If I had to guess, there probably is not one single type of steel that is used as the standard material. It would make sense to me that each steel coaster has it's own composition based on the requirements of the site and what kinds of forces the ride is going to produce. Again, this is just a theory here, but I would assume that the make up of steel for a hyper coaster built along a shoreline would differ from that of a kiddie coaster built in the desert.
*** Edited 11/10/2006 7:29:34 AM UTC by Fun***
Being the nerd that I am, I often wonder what yield and/or ultimate stress the steel that they use has.
That'd be carbon steel at 50 ksi yield strength for all you geeks who care :)
Actually, for the different applications, you're more likely to be looking at different paints than different steels. It's a lot cheaper to get a paint that's more resistant to sea salt or extreme heat than it is to try and get a custom-mix steel compound. Especially at hte prices that steel goes for these days.
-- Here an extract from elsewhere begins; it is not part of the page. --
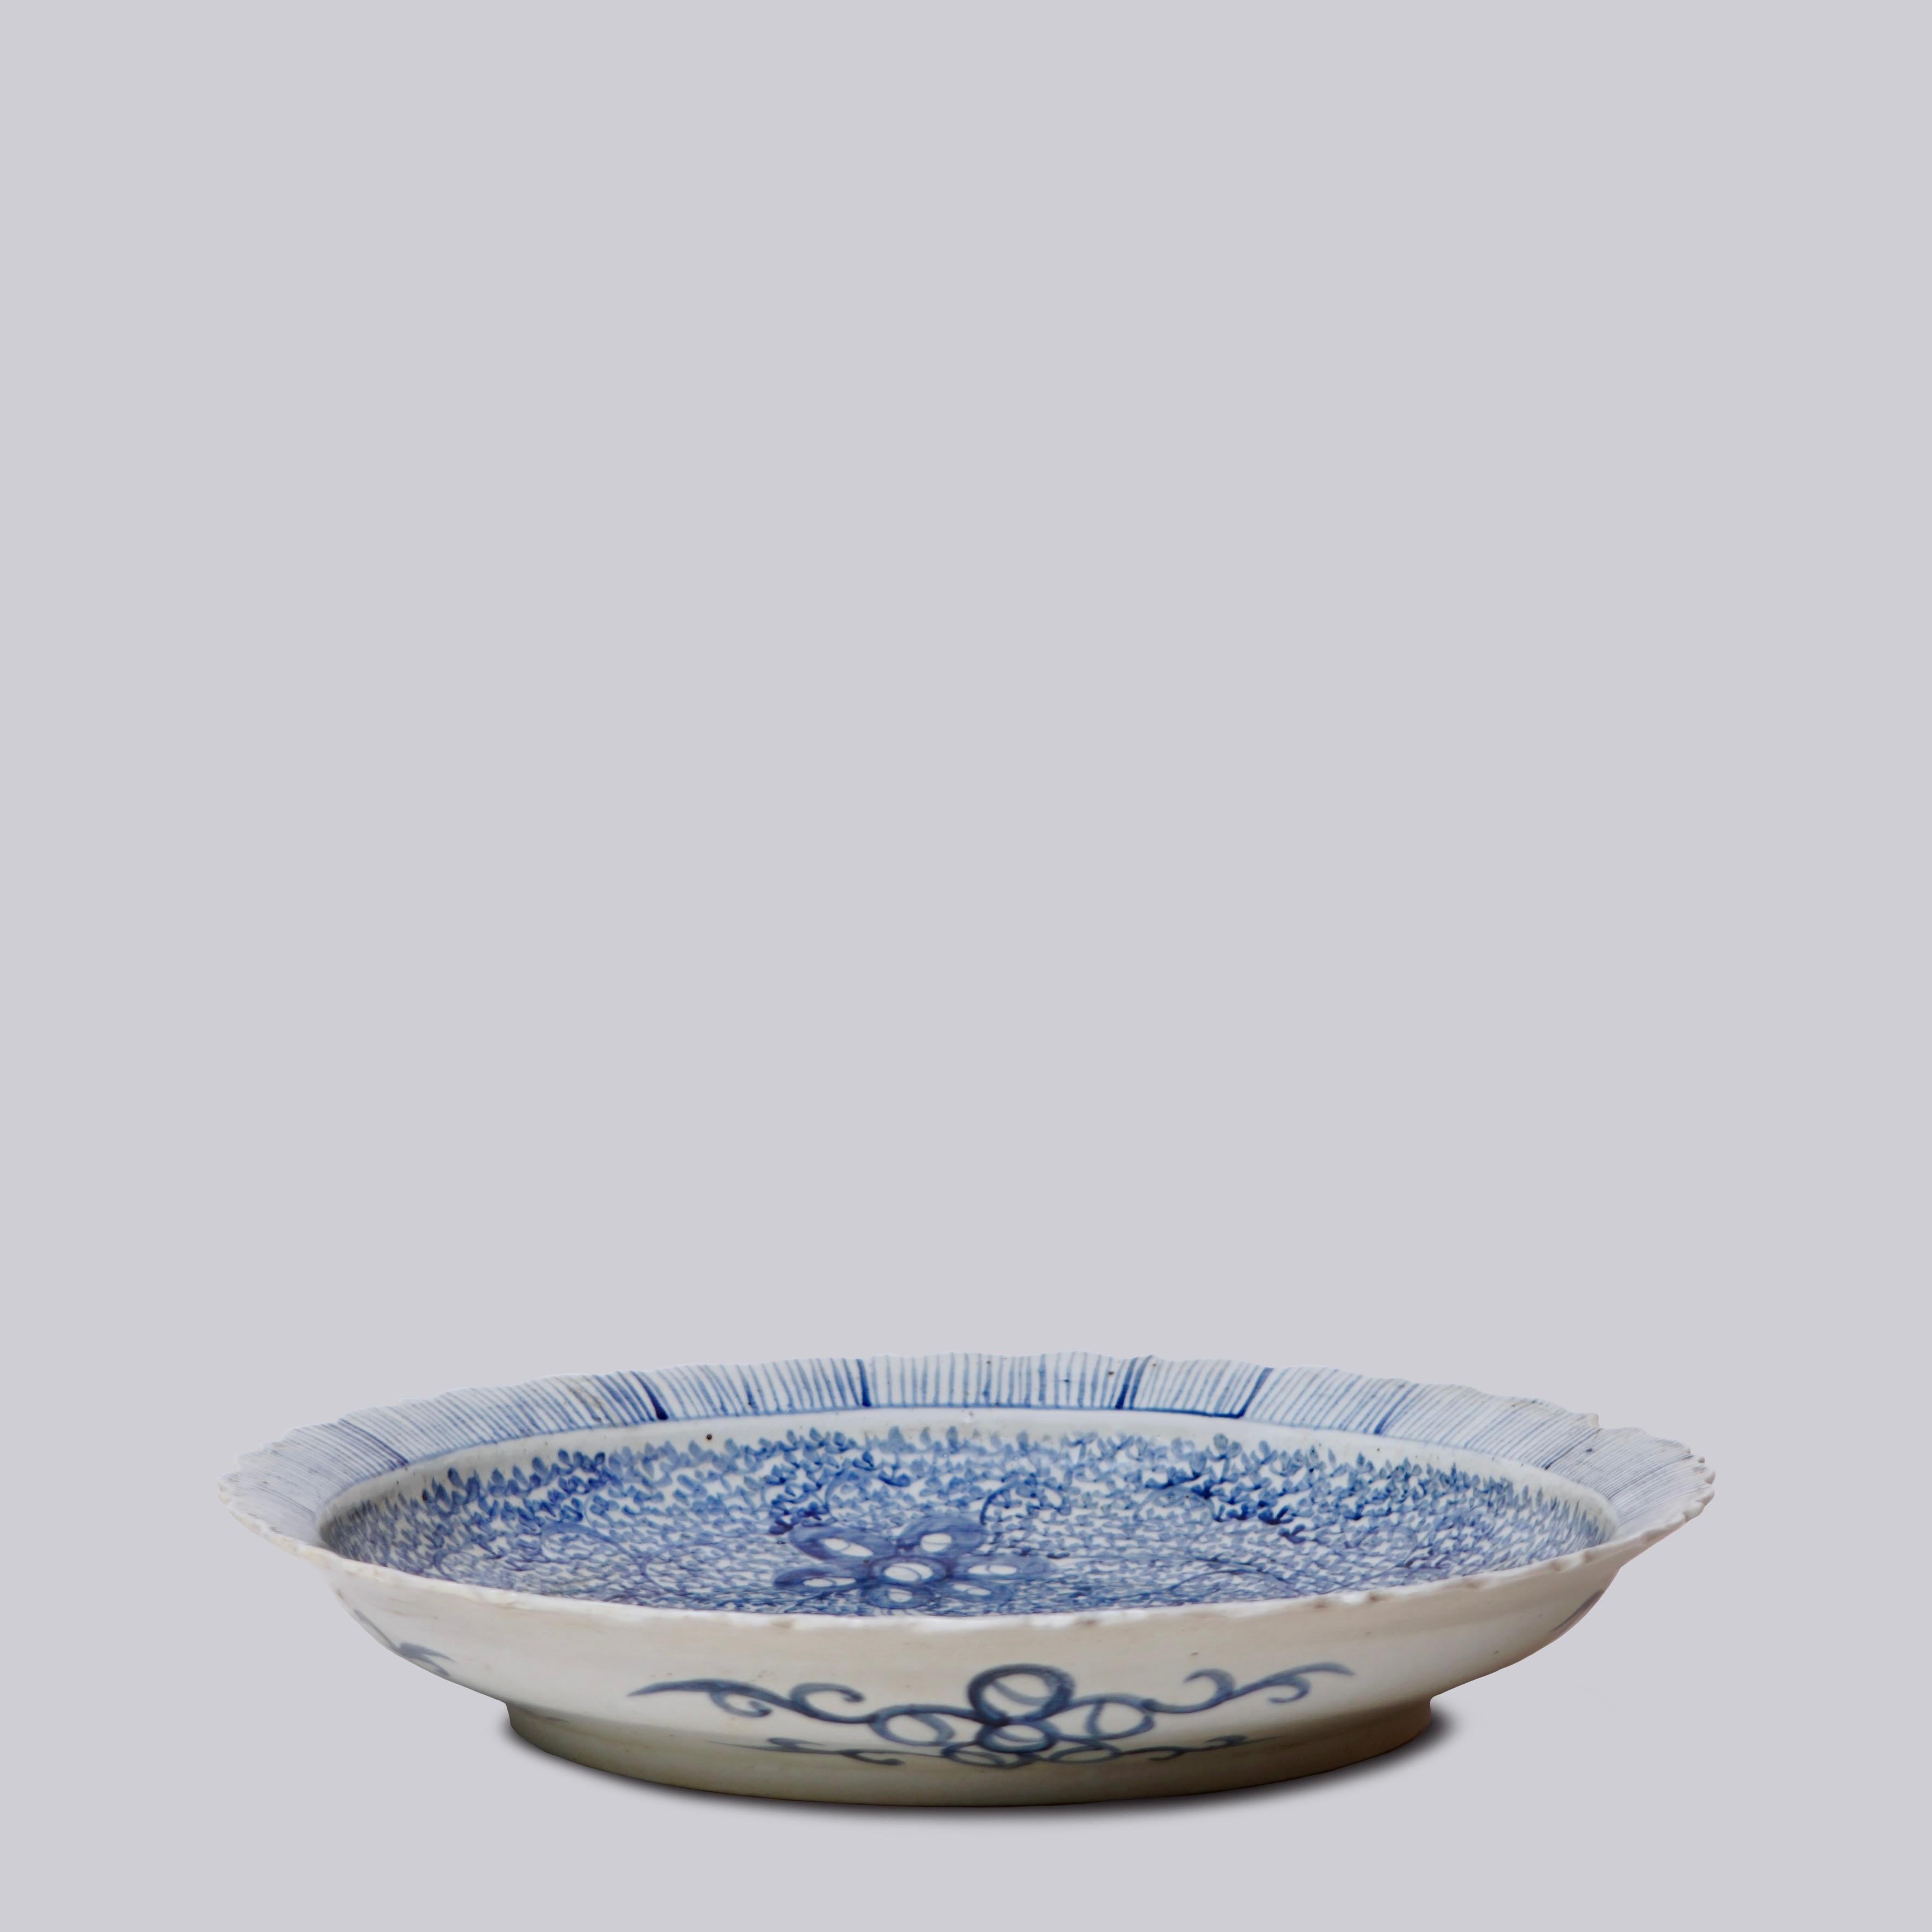 Diese Platte ist ein traditioneller, rustikaler Stil aus Jingdezhen, einer Stadt, die lange Zeit unter kaiserlicher Schirmherrschaft stand.  Aus dem lockeren, handgemalten und leicht abstrakten Design lässt sich schließen, dass dieses Stück für den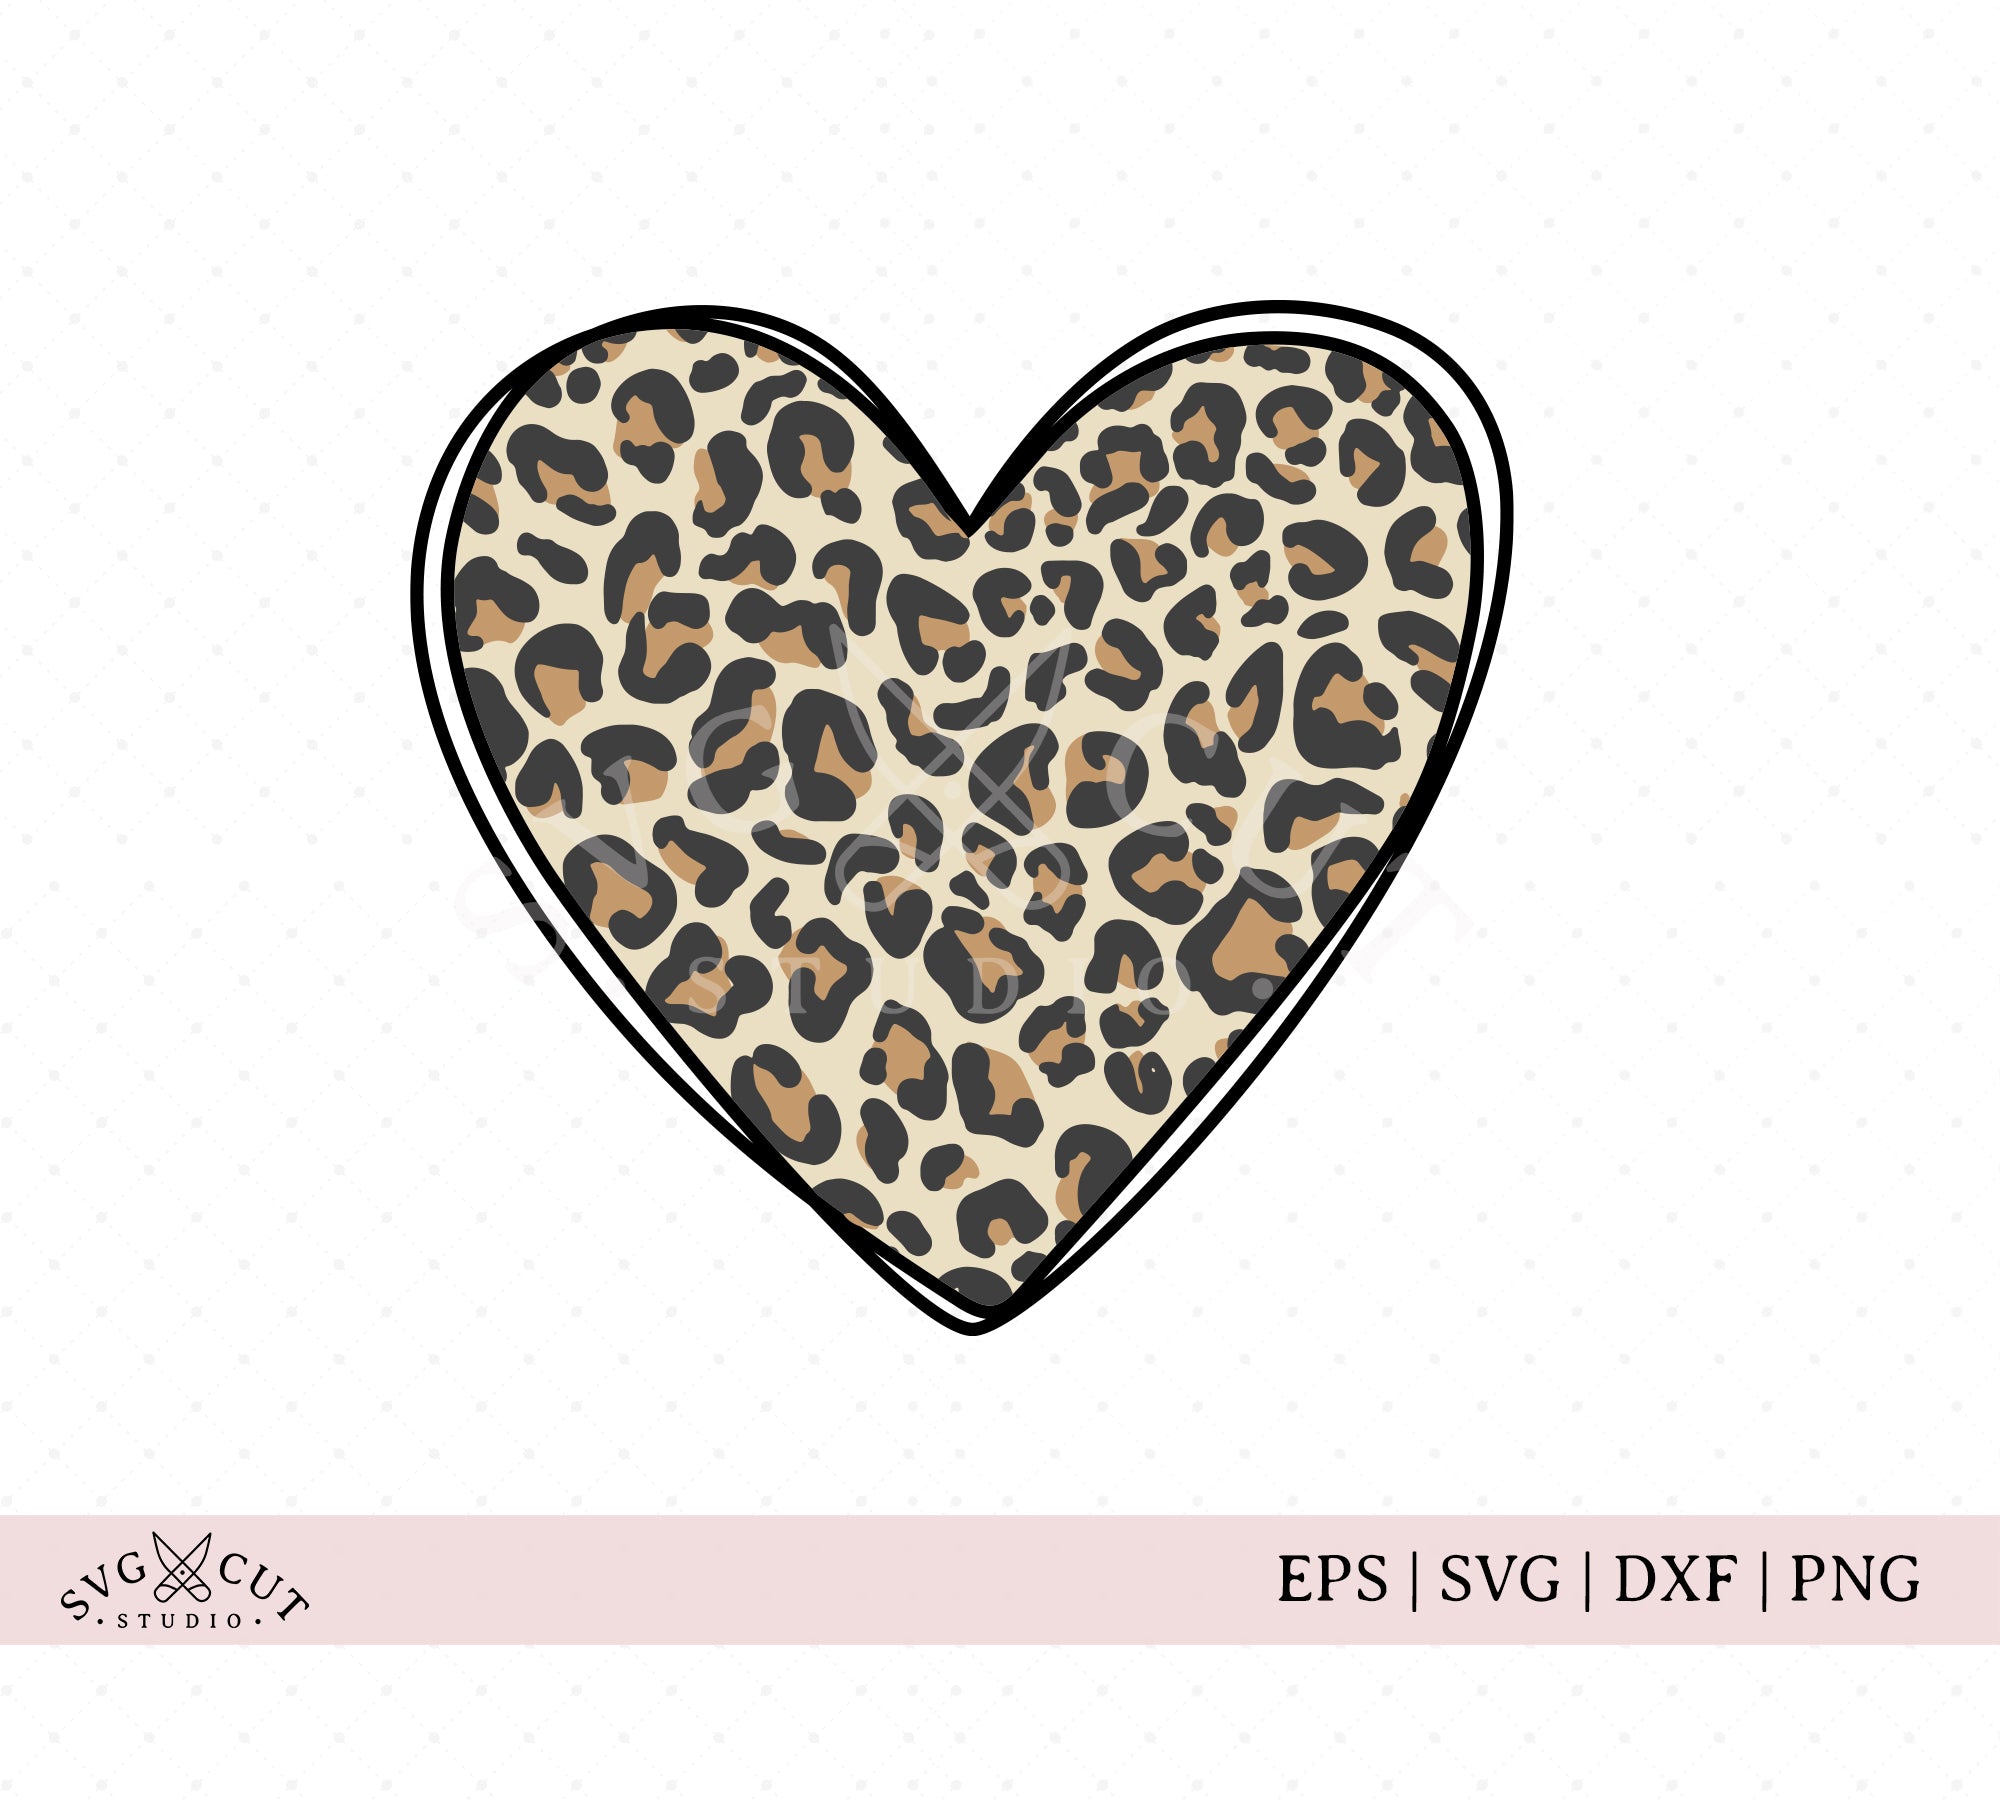 Leopard Heart Svg, Leopard Hand Drawn Heart Svg, Cheetah Spots Svg

I know Nickle and Carbon are two additives.
You can think of toughness as what happens when you hit it with a sledge hammer. Glass isn't tough so it shatters, steel should be tough and not shatter.
Welding process would more than likely be a low hydrogen method. Stick welding with a 6010 root pass electrode and 7018 electrode for the rest would be the best case. They might use a sub arc to protect the weld. Preheating and controlled interpass temperatures would likely be used.